> _PROBLEM TO SOLVE_: For every line in the material, output its text exactly and exclude any image it holds.

> _SOURCE DATA_:
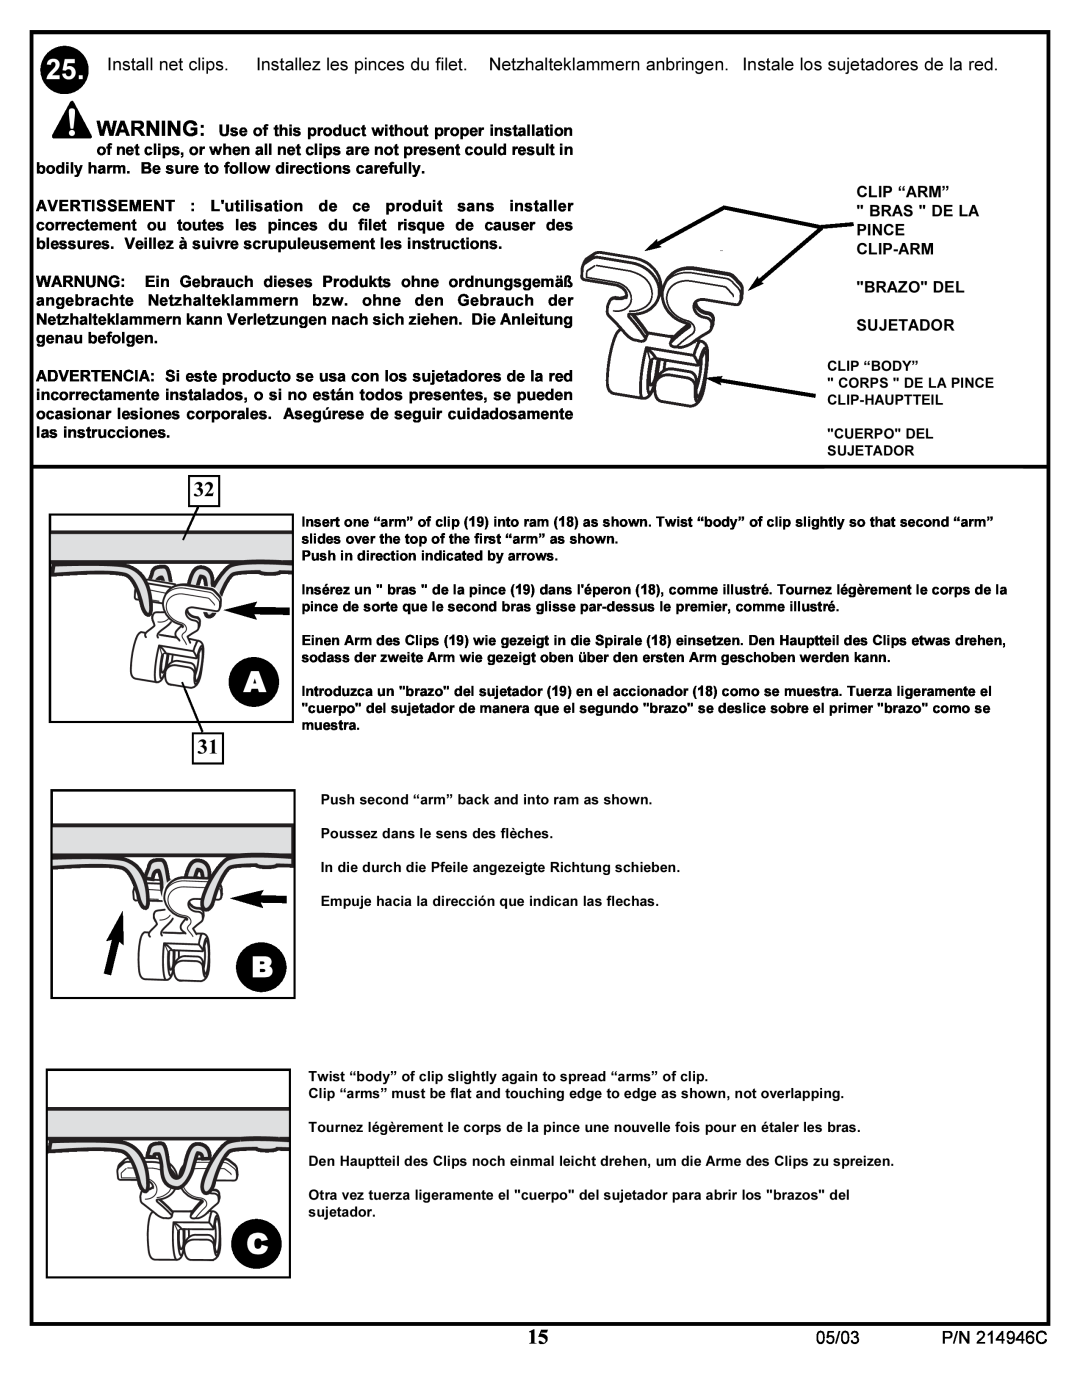 Huffy manual 05/03, P/N 214946C 
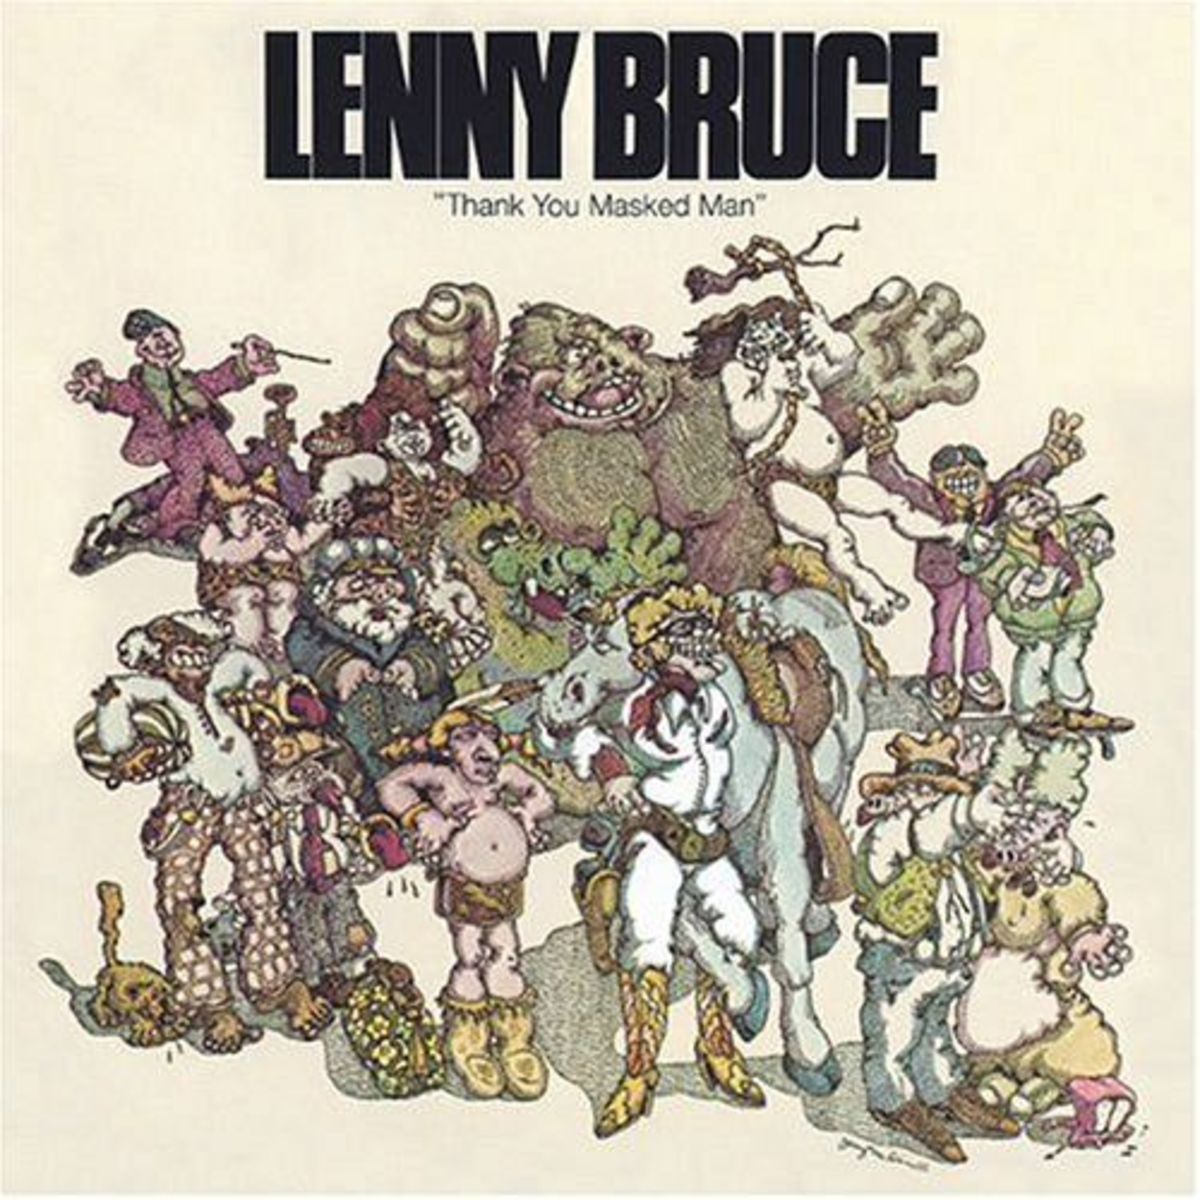 Lenny Bruce "Thank You Masked Man" Fantasy Records 7017 12" LP Vinyl Record,  US Pressing (1967) 
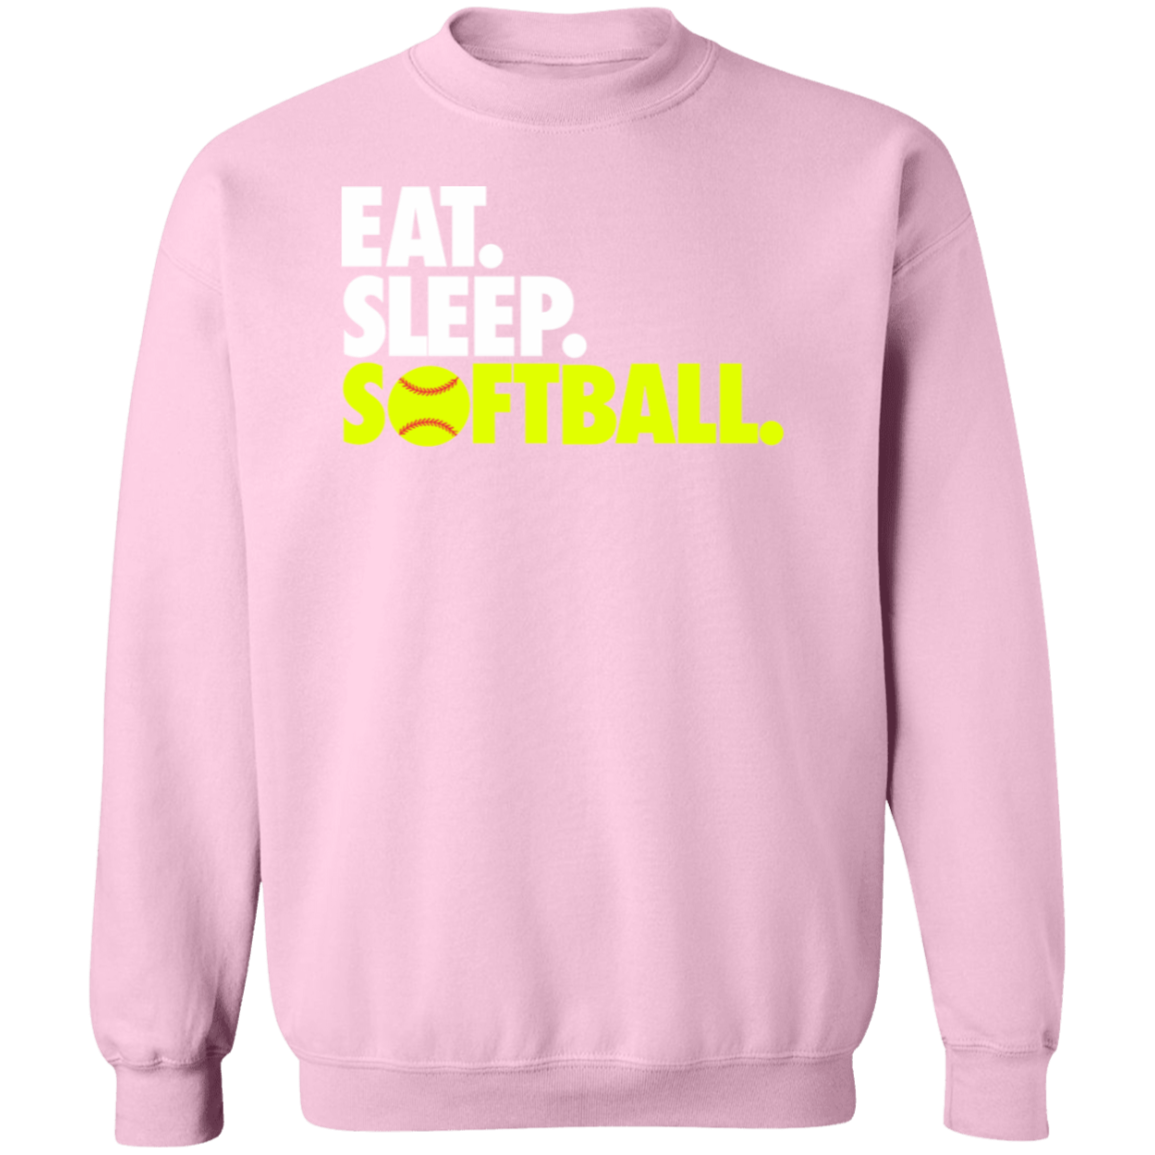 Eat Sleep Softball Premium Crew Neck Sweatshirt

> _RESULT FOR THIS EXERCISE_:
 Huffy manual 05/03, P/N 214946C 
 Lenny Bruce "Thank You Masked Man" Fantasy Records 7017 12" LP Vinyl Record,  US Pressing (1967) 
 Eat Sleep Softball Premium Crew Neck Sweatshirt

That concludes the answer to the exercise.